HEK-293 T (Human, embryonic kidney) and Vero-E6 (African green monkey, kidney) cells were cultured in Dulbecco's Modified Eagle Medium (Gibco) supplemented with 10 % fetal bovine serum (Capricorn Scientific) and 1 % penicillin (100 units/mL) /streptomycin (100 μg/mL) (Gibco, USA). 293 T-ACE2 (293 T cells stably expressing human ACE2) were constructed by our laboratory and cultivated under the same conditions as above.

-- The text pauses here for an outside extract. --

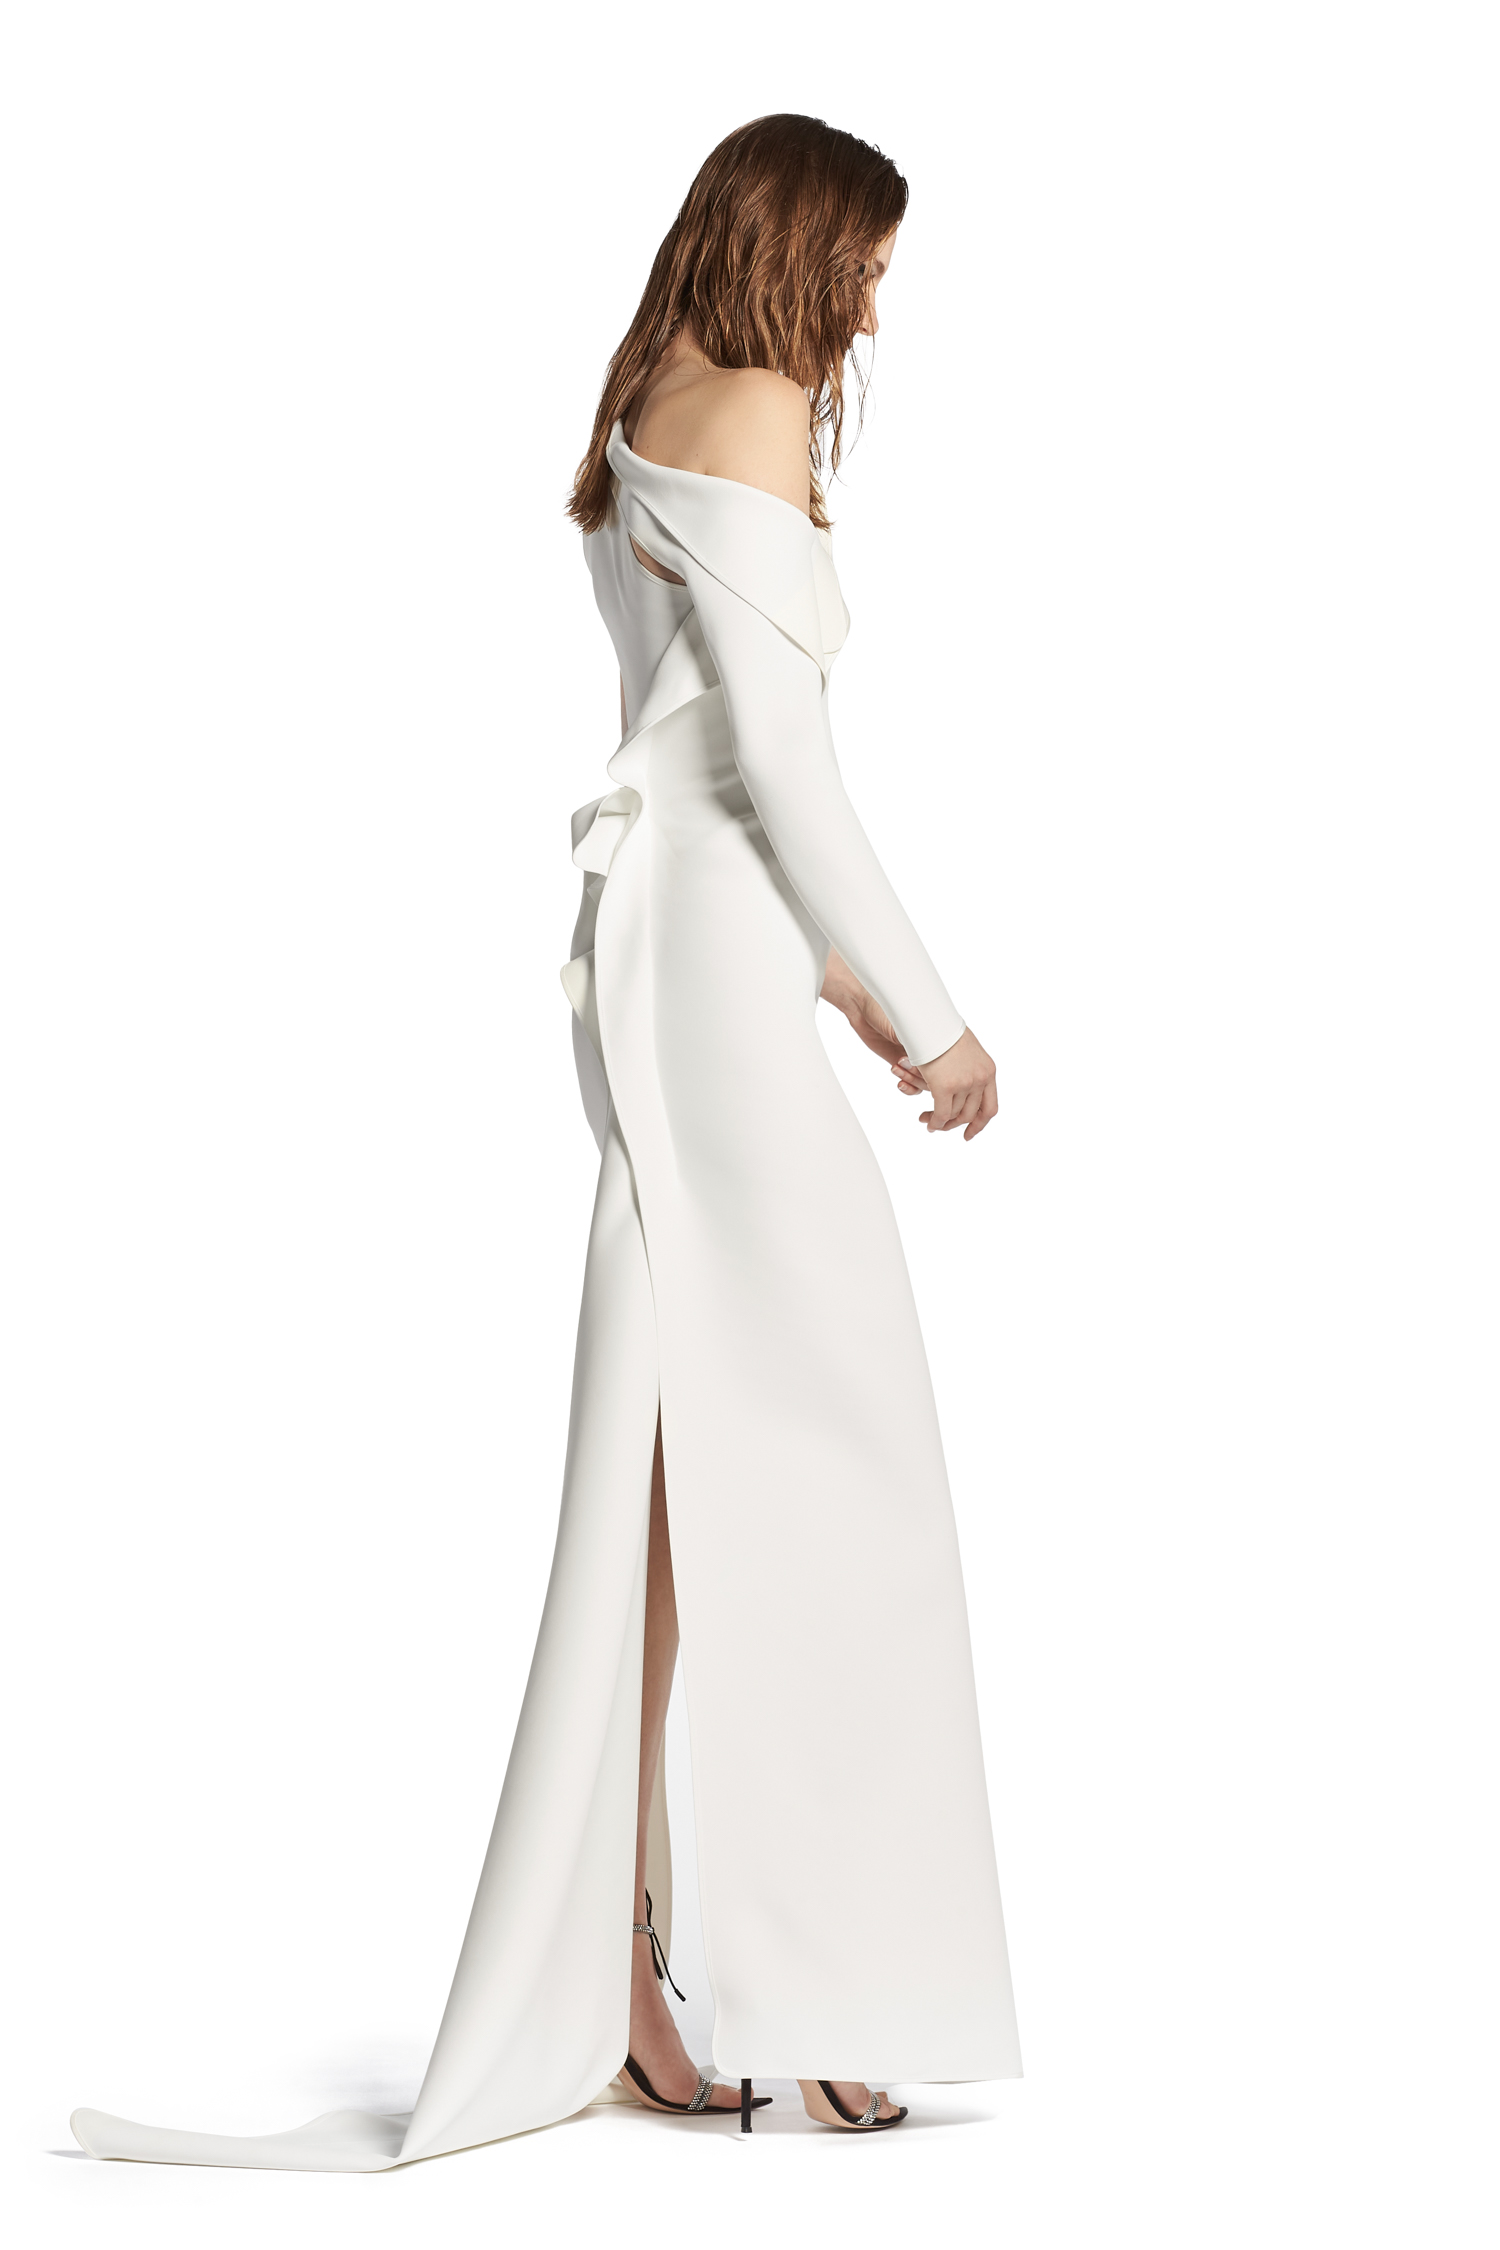 A Modern & Contemporary Toni Maticevski Gown | Love My Dress®, UK Wedding  Blog, Podcast, Directory & Shop
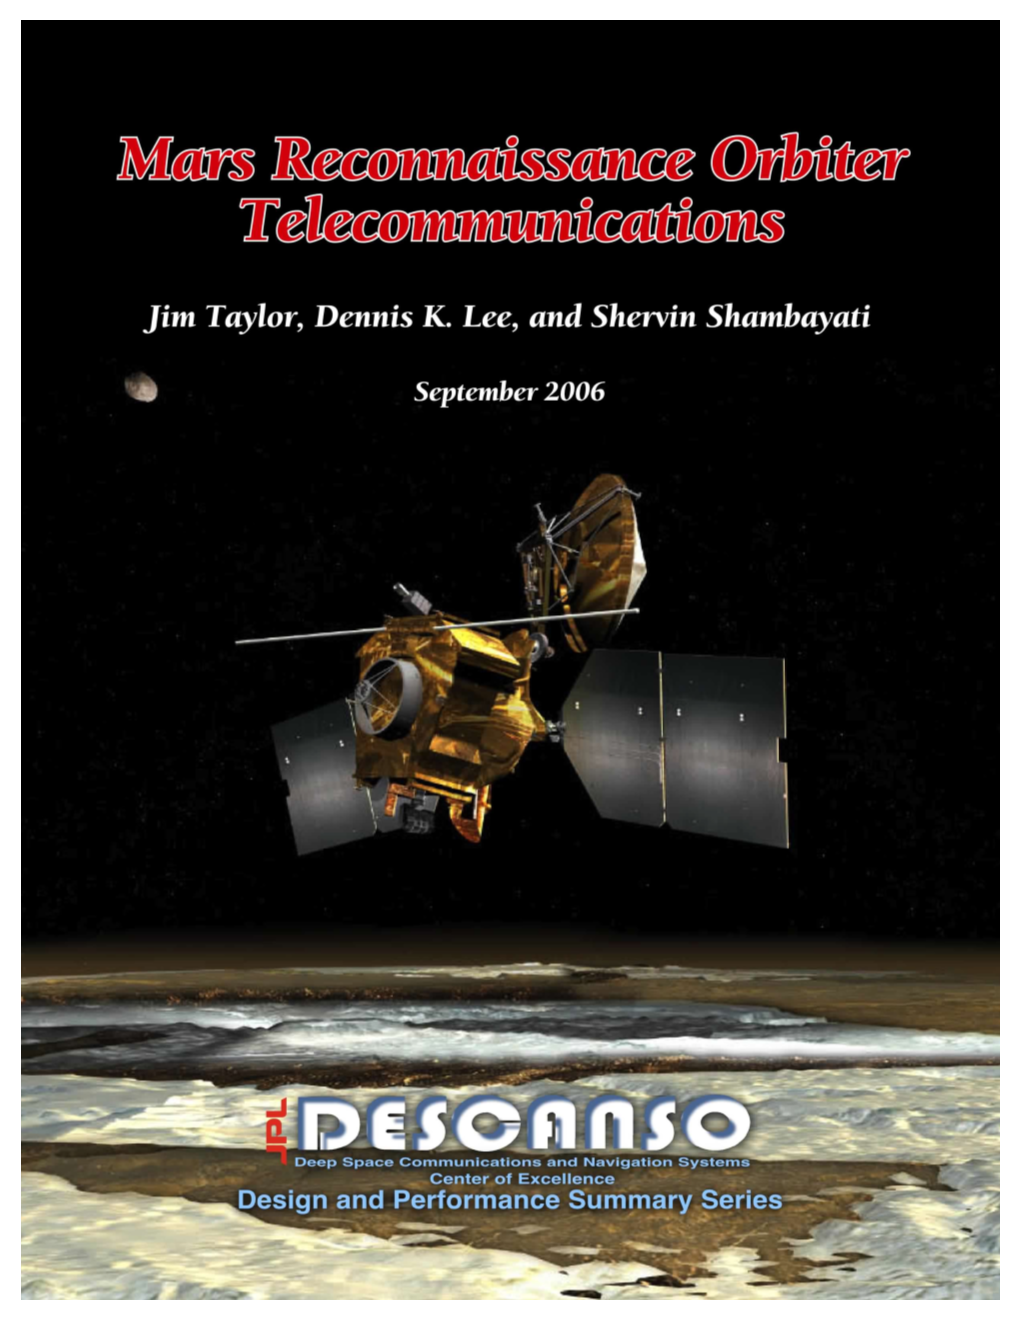 Article 12 Mars Reconnaissance Orbiter Telecommunications

Plasmid pcDNA3.1-SARS-CoV-2-Sipke and pAAV-IRES-GFP-SARS-CoV-2-Sipke were given by the laboratory of Professor Shibo Jiang. Plasmid pAAV-IRES-EGFP was purchased from Hedgehogbio Science and Technology ltd. Expression plasmids for full-length vesicular stomatitis virus (VSV) glycoprotein (VSV-G) and pNL4-3.Luc.R-E- plasmids were obtained from Addgene (Cambridge, MA). Based on Plasmid pcDNA3.1-SARS-CoV-2 Spike, its mutants N501Y, D614G and Delta were all retained in our laboratory. Plasmid pcDNA3.1-SARS-CoV-2-Omicron and its 2 mutant plasmids were constructed by our laboratory. In brief, primers containing mutant sites were designed to amplify the specified DNA fragments with pcDNA3.1-SARS-CoV-2-Omicron as a template. The product obtained by PCR in the previous step was subjected to homologous recombination according to the manufacturer's instructions (Vazyme, China). The recombinant plasmids were used to transform stabl3 and inoculated in culture plates containing the corresponding resistance. After incubation in 37 ℃ for 12–16 h, single colonies on plates were selected and sequenced. Mutation sites and corresponding primers were shown in followed table [30]:

765-Foward GCTTCTGCACCCAGCTGAAGGCAGCCCTGACCGGCATCGCCGTGG
765-Reverse CTTCAGCTGGGTGCAGAAGCTGCC
964-Foward CCAGGCCCTGAACACCCTGGTGGCGCAGCTGTCCAGCAAGTTCGG
964-Reverse CACCAGGGTGTTCAGGGCCTGG
Circ-Foward GCGTGAAGCTGCACTACACCGGCGGCACCGAGACATCTCAGG
Circ-Reverse GGCTAGCACGGAAGCGACCAGCATC

4.2.2. Pseudotyped SARS-CoV-2 infection assay

HEK293T cells were seeded in 6-well plates and cultured overnight at 37 °C. 1 µg pNL4-3.Luc.R-E-plasmid and 0.5 µg pcDNA3.1-SARS-CoV-2-S plasmid were transfected into 293 T cells, and the supernatant virus liquid was collected after culturing at 37 °C for 48 h. 293 T-ACE2 cells were seeded in 96-well cell plates one day before infection. The concentration gradient drug and SARS-CoV-2 pseudovirus were mixed for 30 min at room temperature, and then added to the cells for 48 h of infection. Cells were lysed and luciferase activities were quantified by Luciferase assay system (Promega, USA) [30].

4.2.3. Cytotoxicity assay

Cells were seeded in a 96-well plate at a density of 1*104 cells/well, and cultured at 37 °C overnight. After 48 h of concentration gradient administration, 20 µL of MTT working solution (5 mg/mL) was added to each well, and cultured at 37 °C for 4 h. After discarding the culture supernatant, 150 µL of DMSO was added to each well, and the absorbance at 570 nm was measured by a microplate reader after sufficient shaking to dissolve. According to the measured OD value, the survival rate of cells under the action of the corresponding concentration of drugs compared with the control group was calculated, respectively [31].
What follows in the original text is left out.